Evolving Memory: Logical Tasks for Cellular Automata

LUIS M. ROCHA
Complex Systems Modeling
Modeling, Algorithms, and Informatics Group (CCS-3)
Los Alamos National Laboratory, MS B256
Los Alamos, New Mexico 87545, USA
e-mail: rocha@lanl.gov

Citation: Rocha, Luis M. [2004]. "Evolving Memory: Logical Tasks for Cellular Automata". Ninth International Conference on the Simulation and Synthesis of Living Systems (ALIFE9). Boston, Massachusetts, September 12-15th 2004. In Press. Los Alamos National Laboratory Internal Report Number: LAUR 04-0628.

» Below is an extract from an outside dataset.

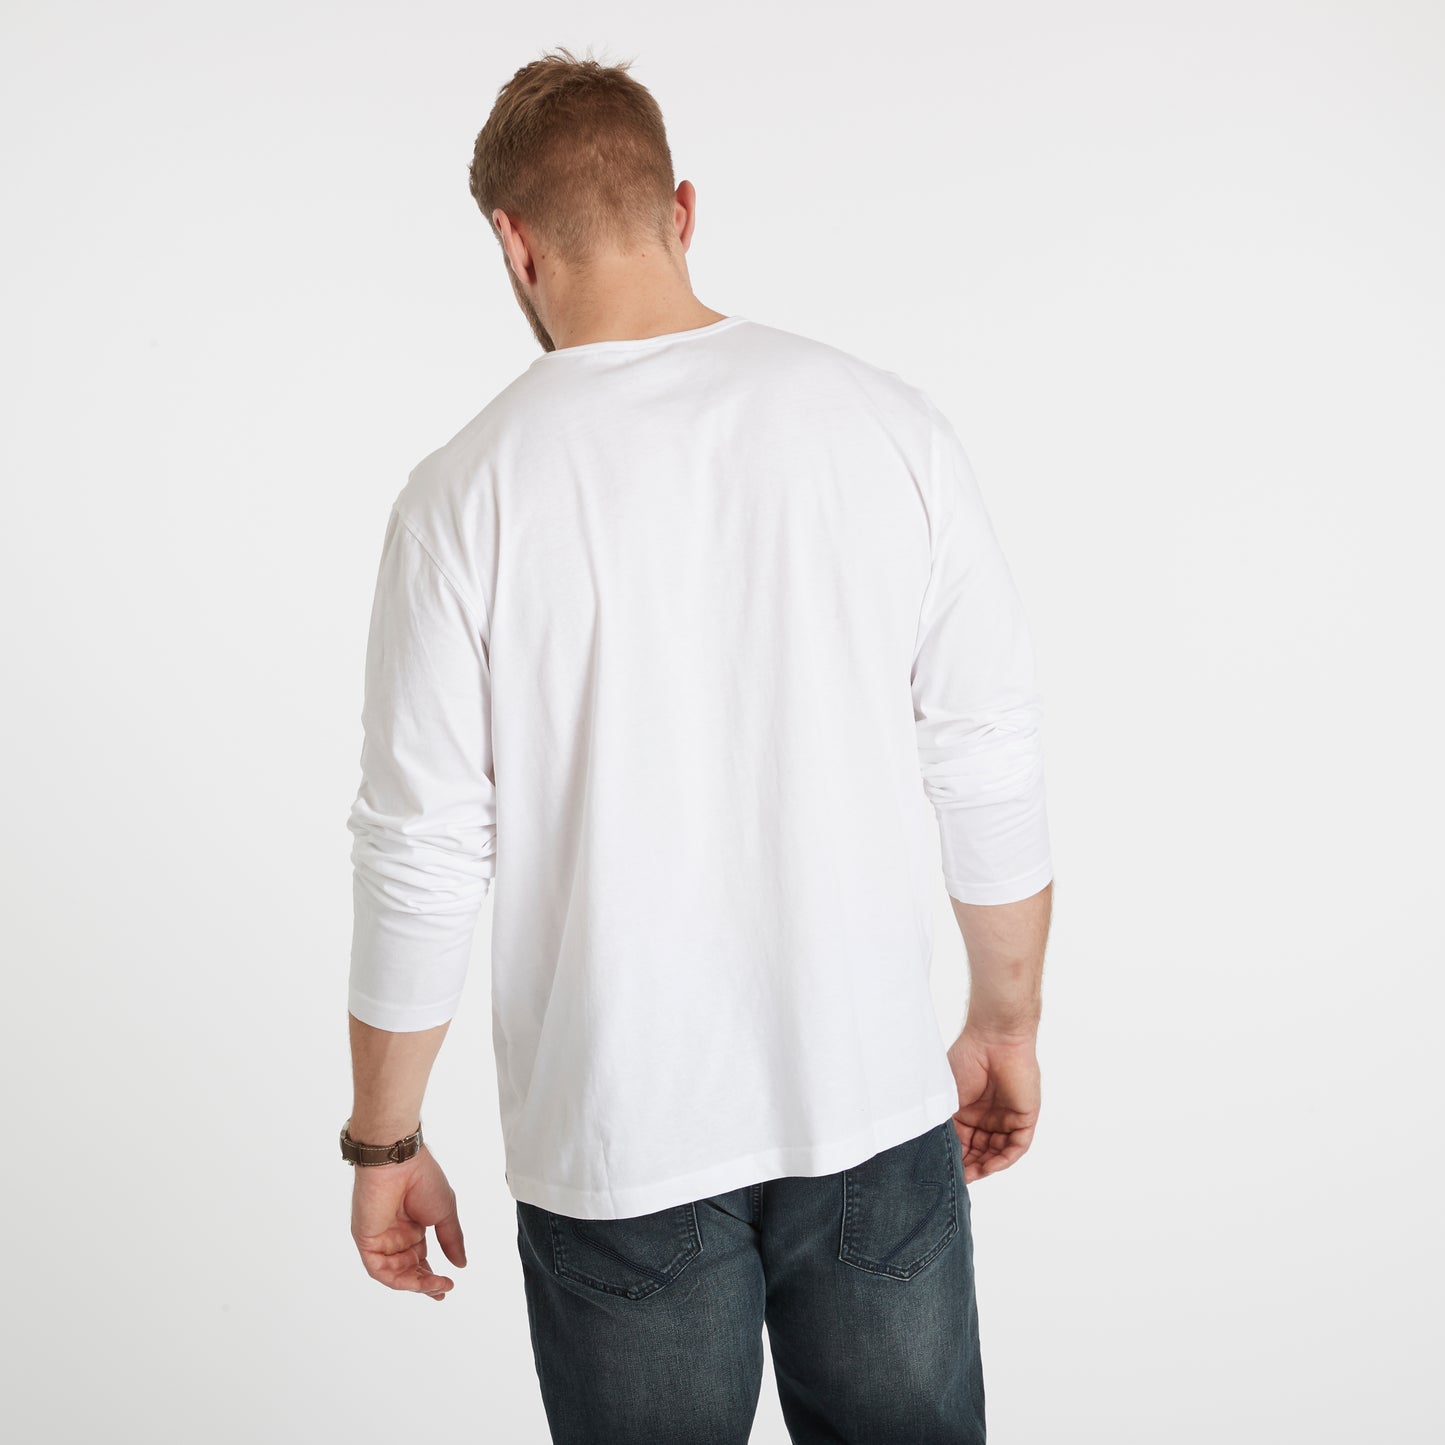 hvit langermet tskjorte i store størrelser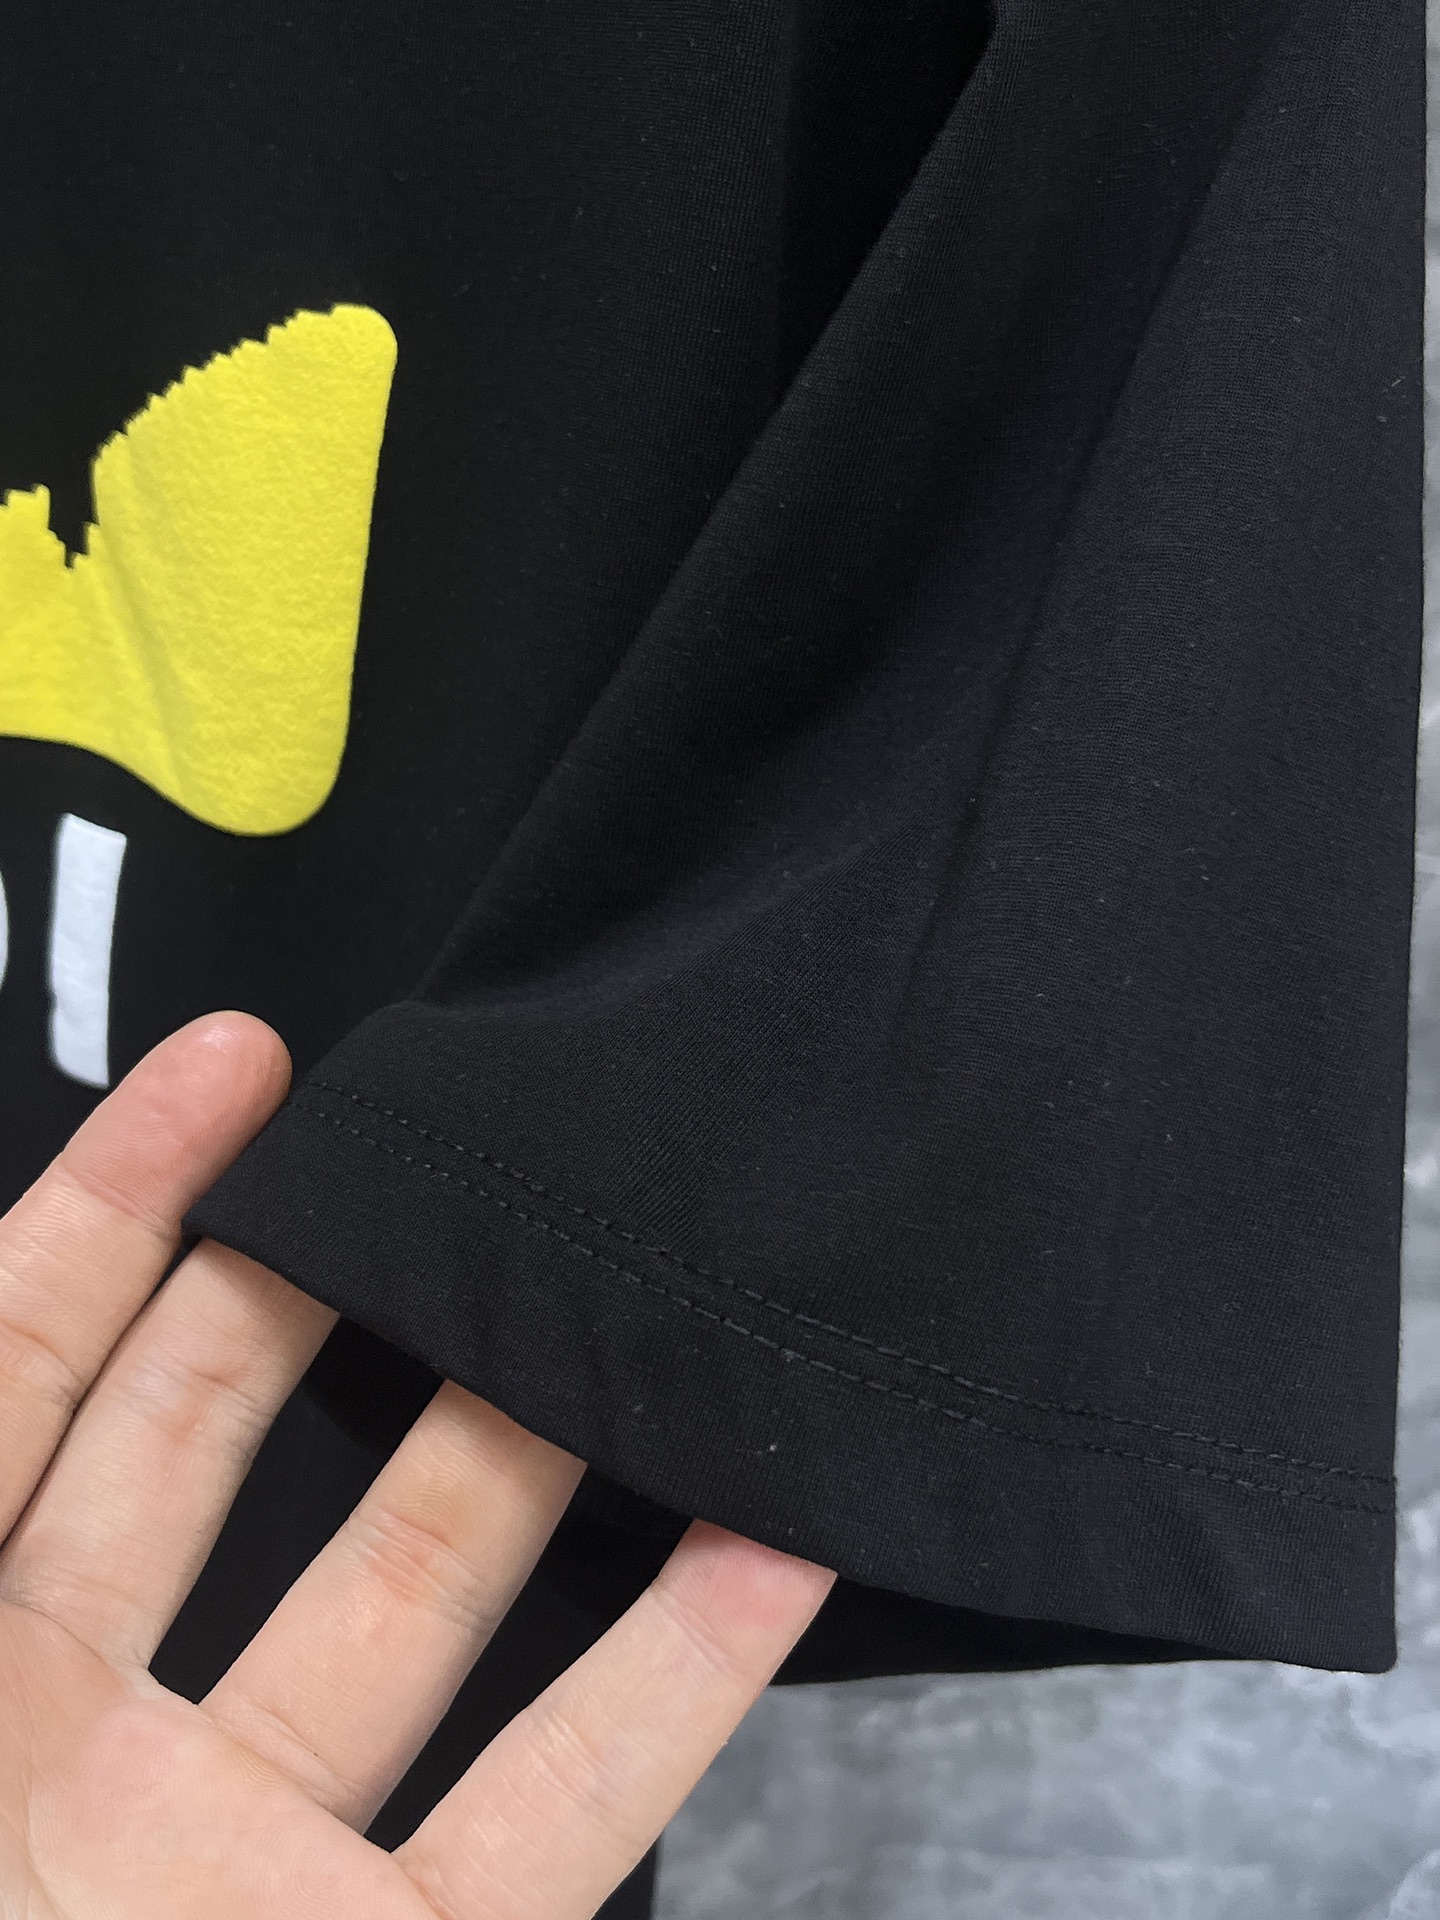 芬迪24SS春夏新款短袖T恤定制面料质地丝光棉面料采用原厂弹力绒面亲肤面料高弹力好伸缩采用品牌Logo标

The full paper is available in Adobe Acrobat (.pdf) format only. Due to mathematical notation and graphics, only the abstract is presented here.

Abstract.

We present novel experiments in the evolution of Cellular Automata (CA) to solve nontrivial tasks. Using a genetic algorithm, we evolved CA rules that can solve non-trivial logical tasks related to the density task (or majority classification problem) commonly used in the literature. We present the particle catalogs of the new rules following the computational mechanics framework. We know from that particle computation in CA is a process of information processing and integration. Here, we discuss the type of memory that emerges from the evolving CA experiments for storing and manipulating information. In particular, we contrast this type of evolved memory with the type of memory we are familiar with in Computer Science, and also with the type of biological memory instantiated by DNA. A novel CA rule obtained from our own experiments is used to elucidate the type of memory that one-dimensional CA can attain.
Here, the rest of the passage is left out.